Tuesday, April 28, 2009

The Update

School: Today, after attending class for three weeks, I got officially accepted.... good thing... what a relief!! Last week was soup week, and as you may know, I am not a fan of soup. Just no thanks, I would rather have something else. So, class was interesting for me cause it was sorta like foreign, but I did okay. For my groups' free choice soup we made chicken tortilla and I prolly ate half of it before we served it, then once Chef graded up, I ate most of that bowl too. So good! Thank you Gustavo! This coming week is on Vegetable... oh joy. It shouldn't be too bad... I hope. Ain't going to lie, a little nervous. Then the week after that is the mid-term, super scared about that, but the next week after that is chicken so that should be fun! I am excited for chicken!

Home: Last Saturday was my parent's wedding anniversary. I thought I would be fine, because it was nothing we really celebrated before. Mom and dad would usually exchange cards and Dad would get Mom some flowers and that would be that... no big thing. had class Saturday afternoon and as I drove down, I started sobbing like a baby. Nice. While in class it wasn't so hard to control my emotions because I was busy with a ton of things to do and get done so I didn't really have time to think, but have no fear, once I hit the parking lot after and saw the truck... lost it! Great.

Life: I have always said that I love people. I find them fascinating. I love to watch them because as a whole, people aren't vary smart yet are very entertaining! Recently, I have become aware, yet again, at how amazing people can be. The expectations that just because that is how they feel, that is how you should feel as well. Really? No, thank you, I will hold my own opinion of you. Also, I am amazed at the balls some people have and the things they offer and request. I am growing a lot but there is still a long way for me to go, but I don't think I will ever be as confident as some of my new friends.

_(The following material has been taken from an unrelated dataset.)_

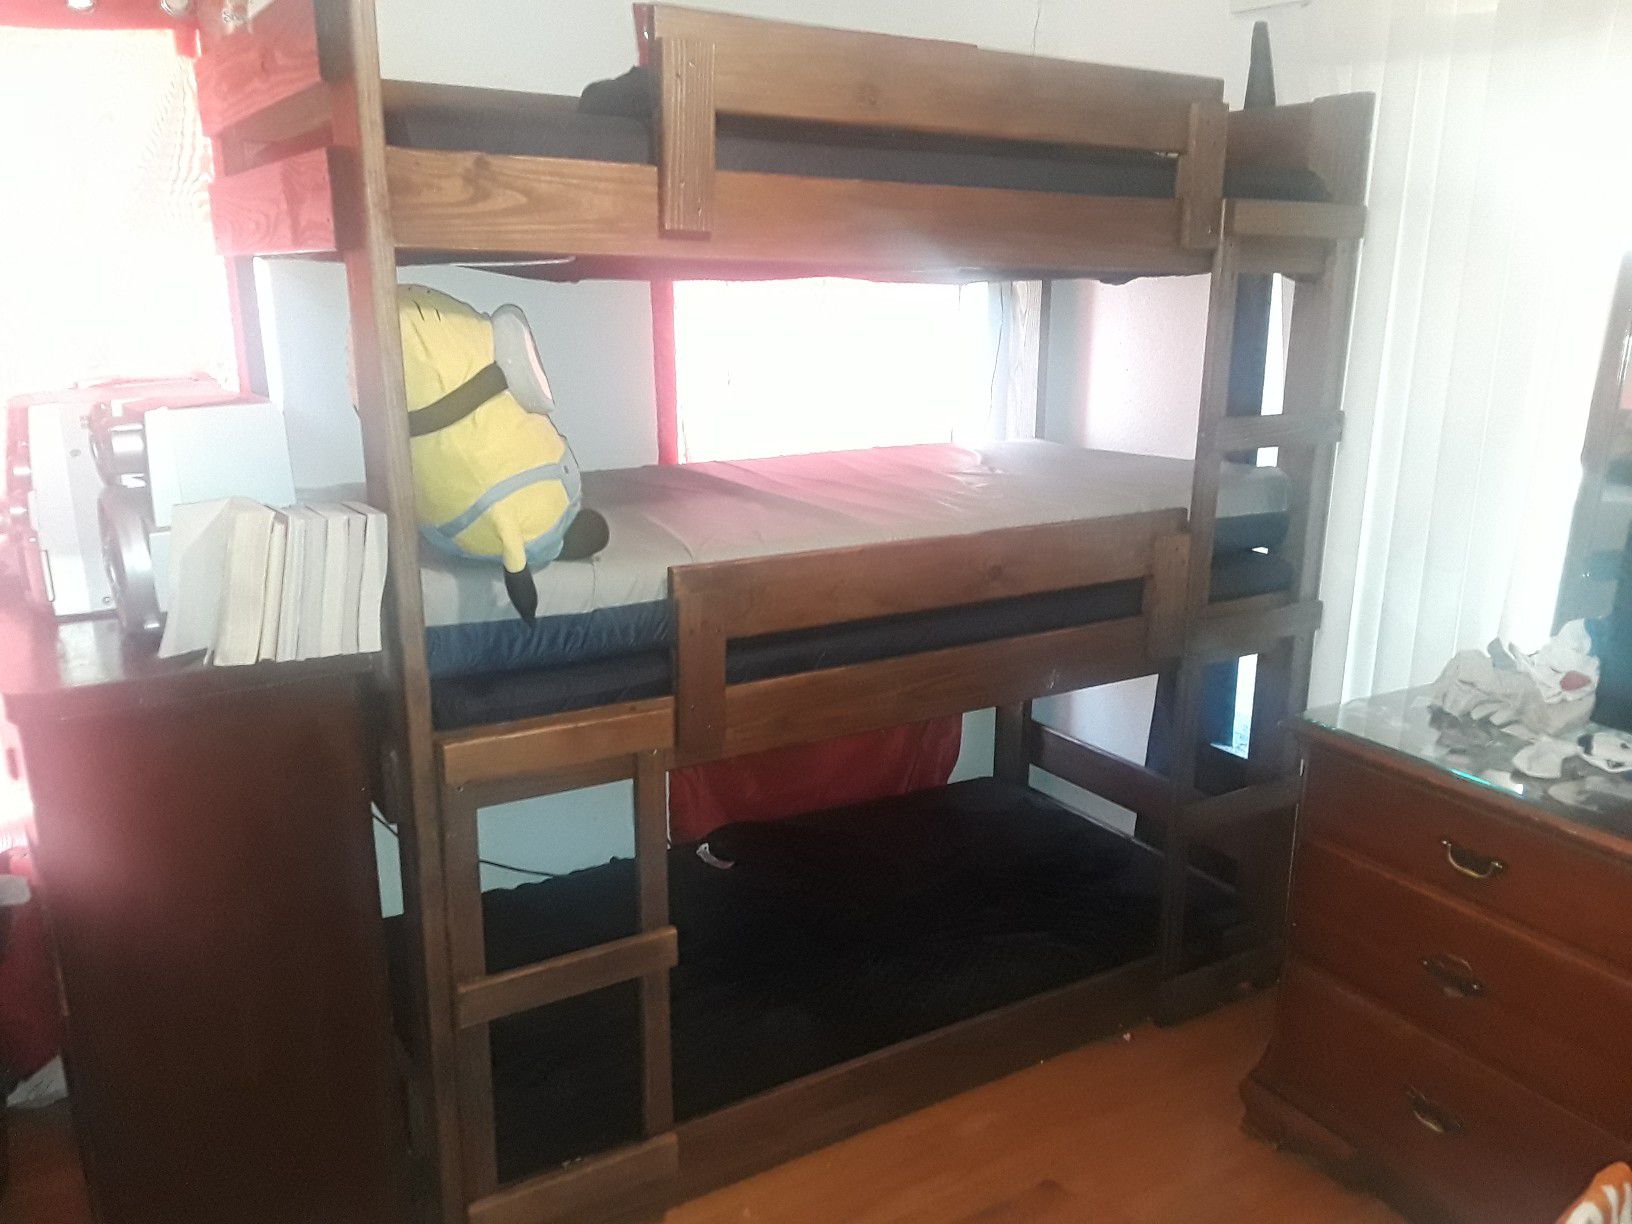 3 layer bunk beds

It is a scary world out there, and it makes me nervous but I am going to try my best to put my head up and be a part of it. I use to think only I could hold me back, and I still think that is true, but in some ways, I am happy to withdraw from certain activities.

That is all I got for this moment... I got a couple stories for you but there is some stuff happening that will add to it so I think I am going to wait and just lay it all out at one time. So keep checking in and I will let you know as soon as I know more!